-- Opening Marker --
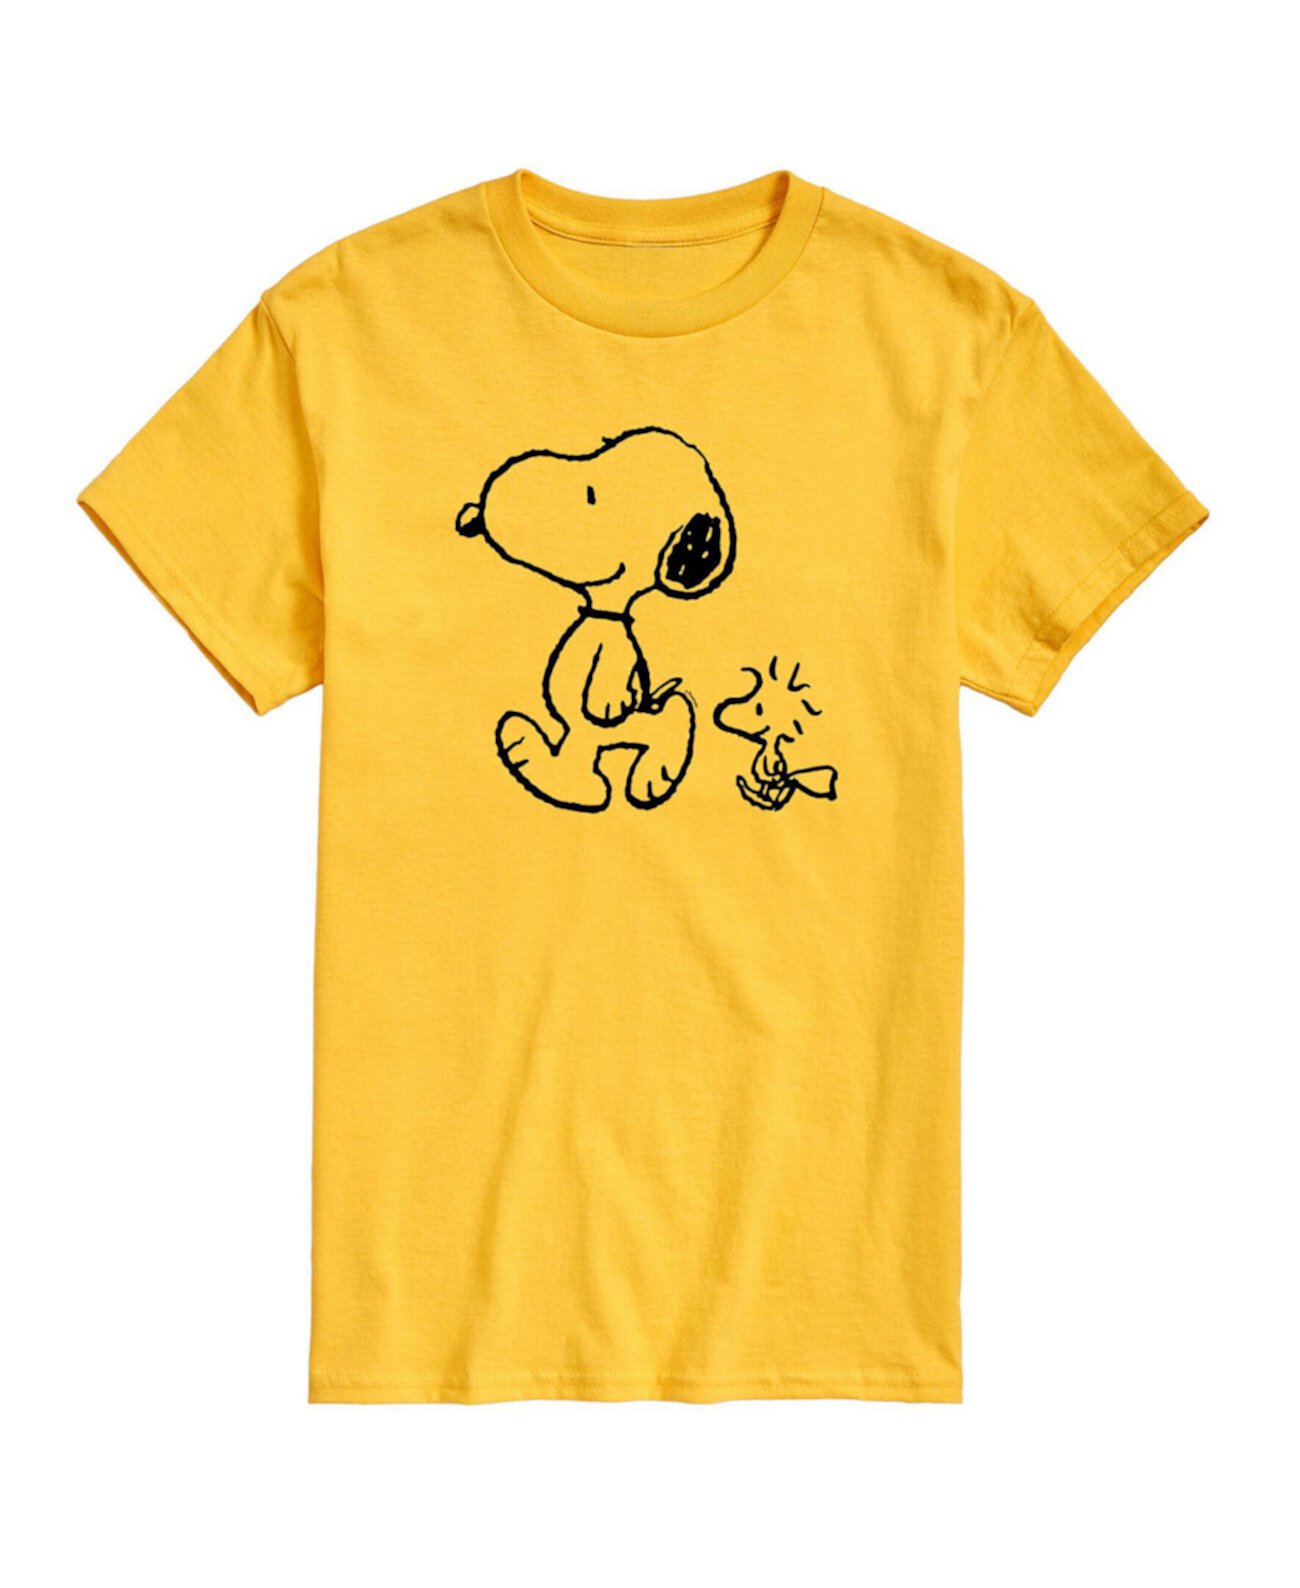 Мужская футболка Peanuts Snoopy Woodstock AIRWAVES
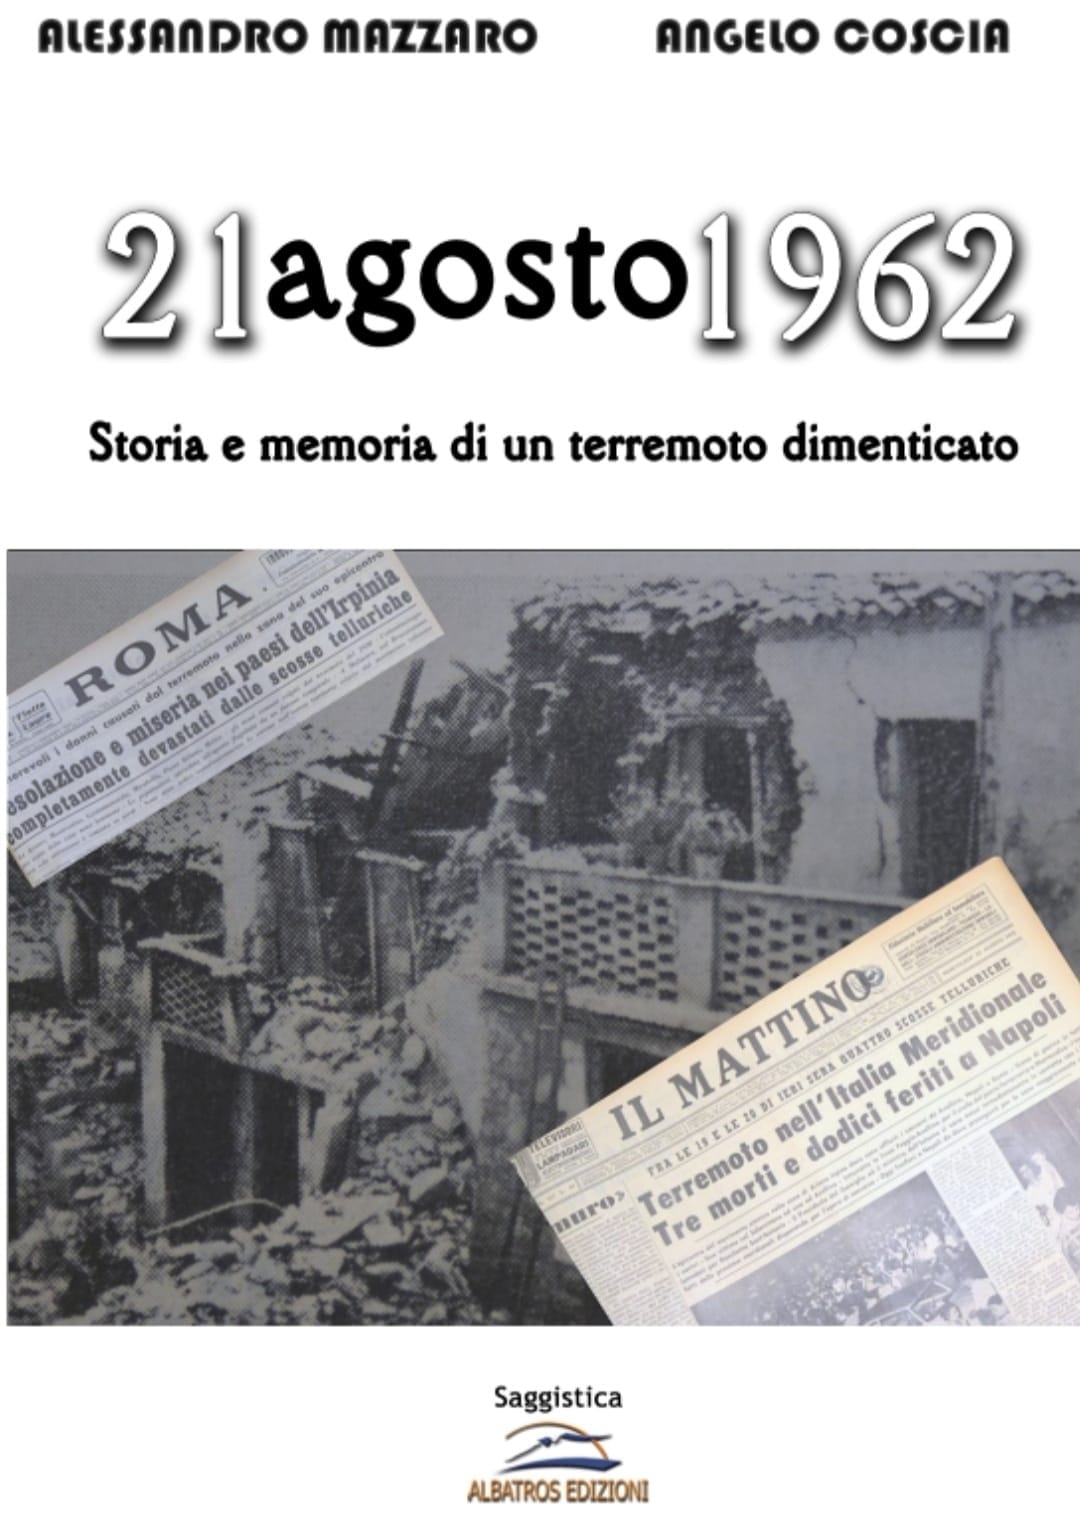 “21 agosto 1962”: il libro che racconta la storia di un terremoto dimenticato
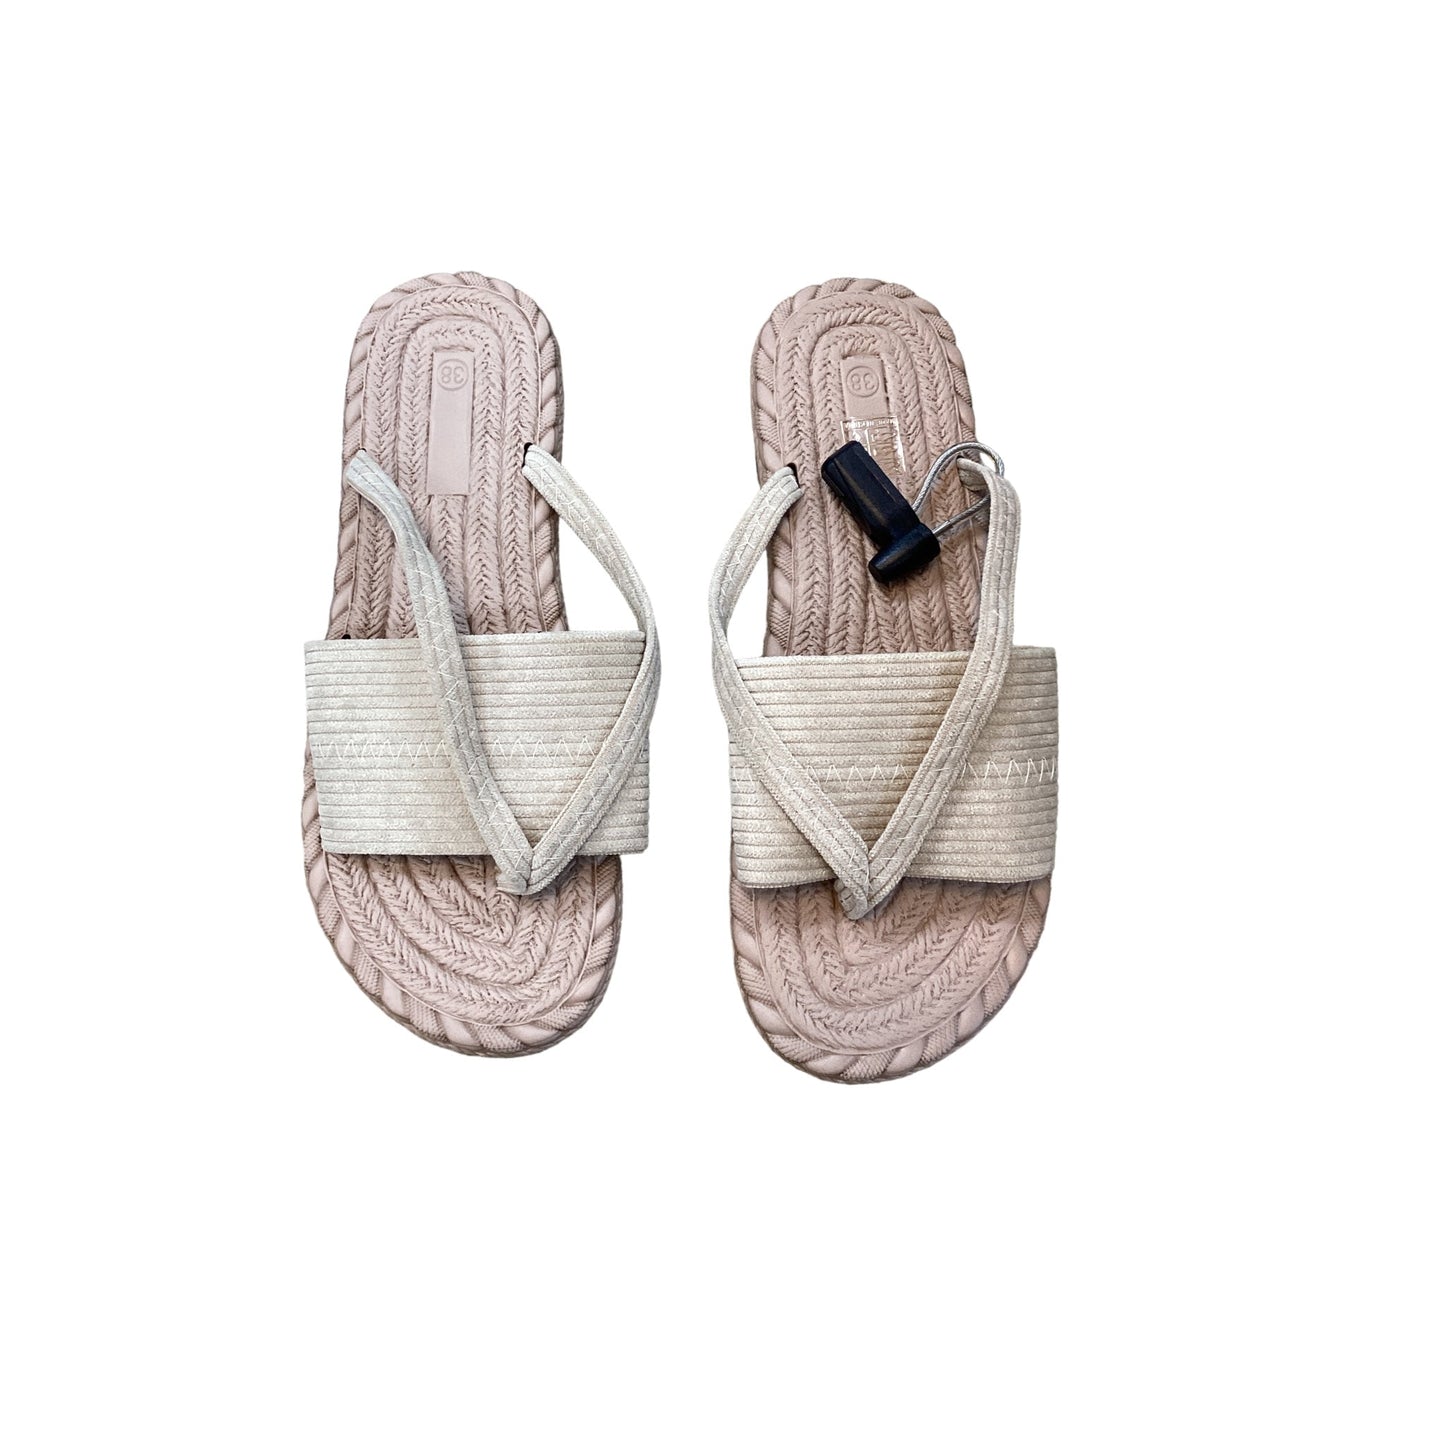 Tan Sandals Flats Cmf, Size 7.5
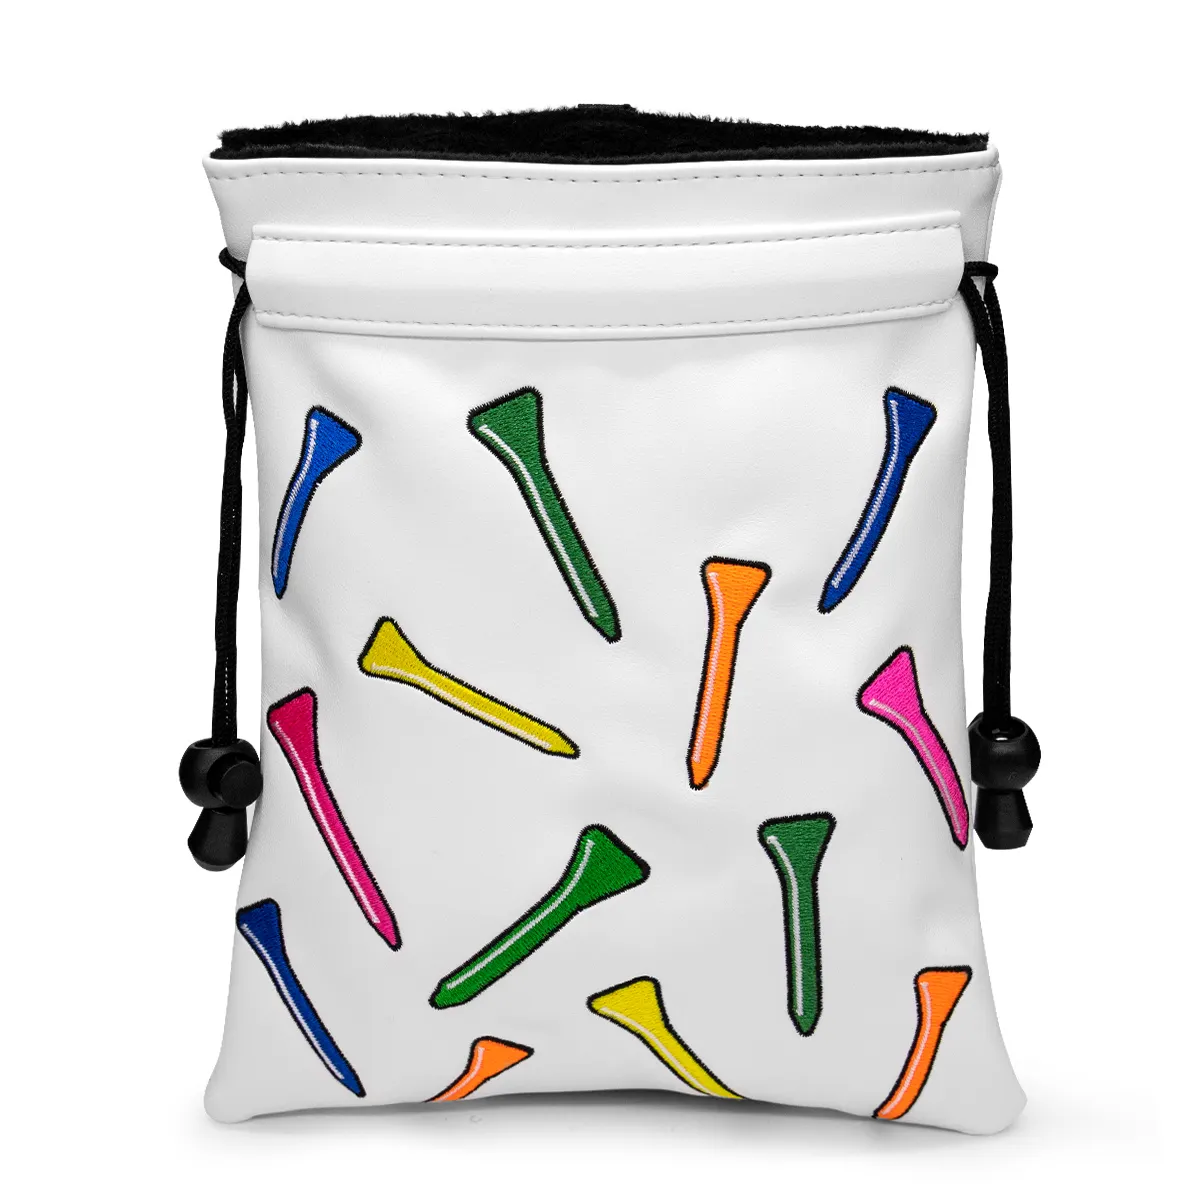 Подставка для гольфа на заказ, легкая сумка для гольфа, подставка для гольфа, оптовая продажа, сумки для гольфа с подставкой
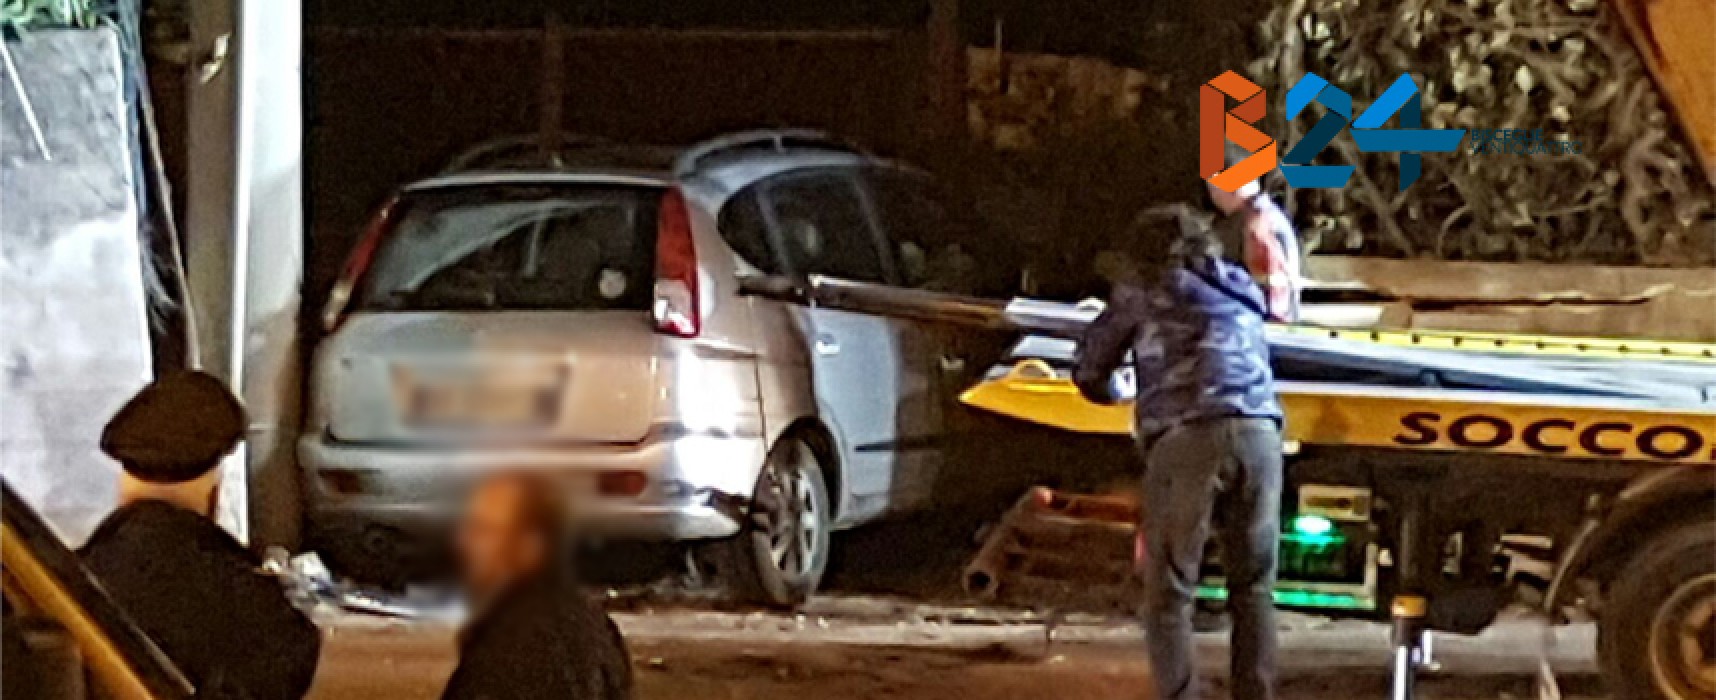 Incidente in via Imbriani, auto si incastra davanti a proprietà privata
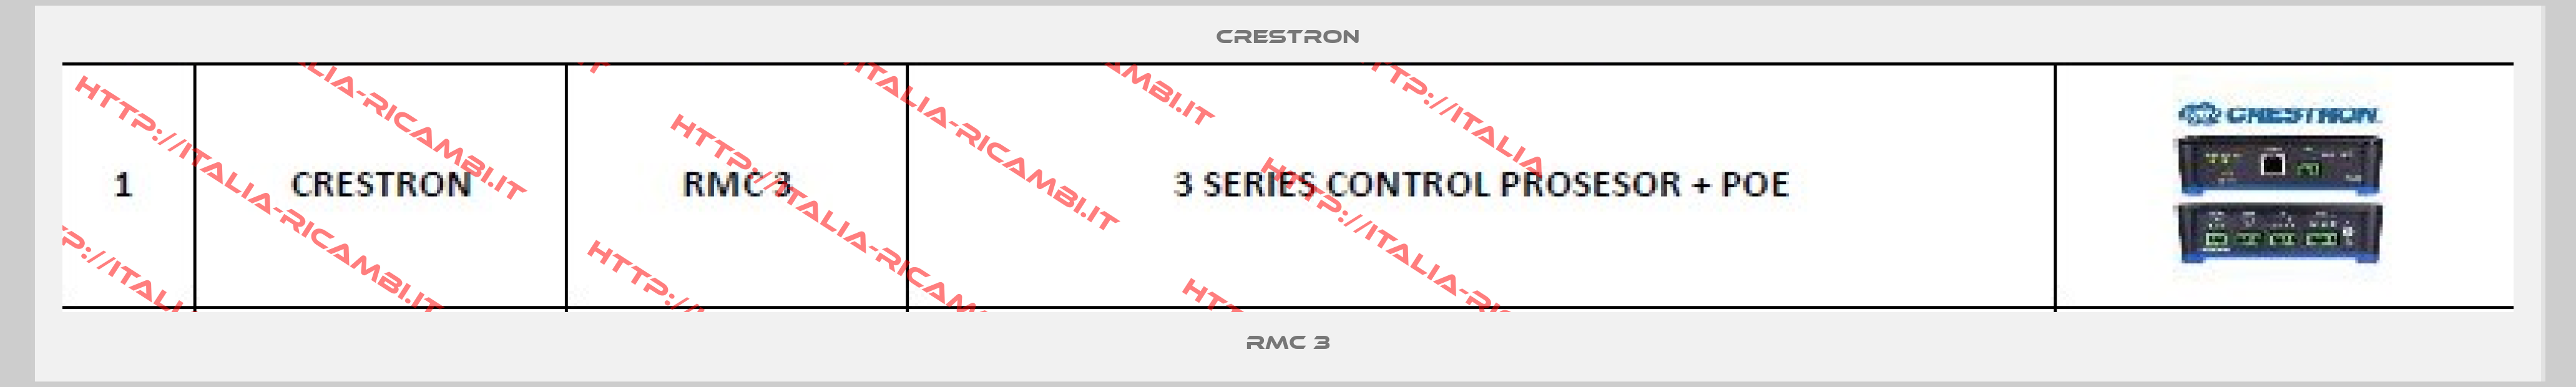 Crestron-RMC 3
-- Closing Marker --
▶ **Try it**
A verbatim transcription of the listing is expected, with no pictures included.

▶ **Written response**
 Мужская футболка Peanuts Snoopy Woodstock AIRWAVES
 “21 agosto 1962”: il libro che racconta la storia di un terremoto dimenticato
 Tan Sandals Flats Cmf, Size 7.5
 Подставка для гольфа на заказ, легкая сумка для гольфа, подставка для гольфа, оптовая продажа, сумки для гольфа с подставкой
 Incidente in via Imbriani, auto si incastra davanti a proprietà privata
 Crestron-RMC 3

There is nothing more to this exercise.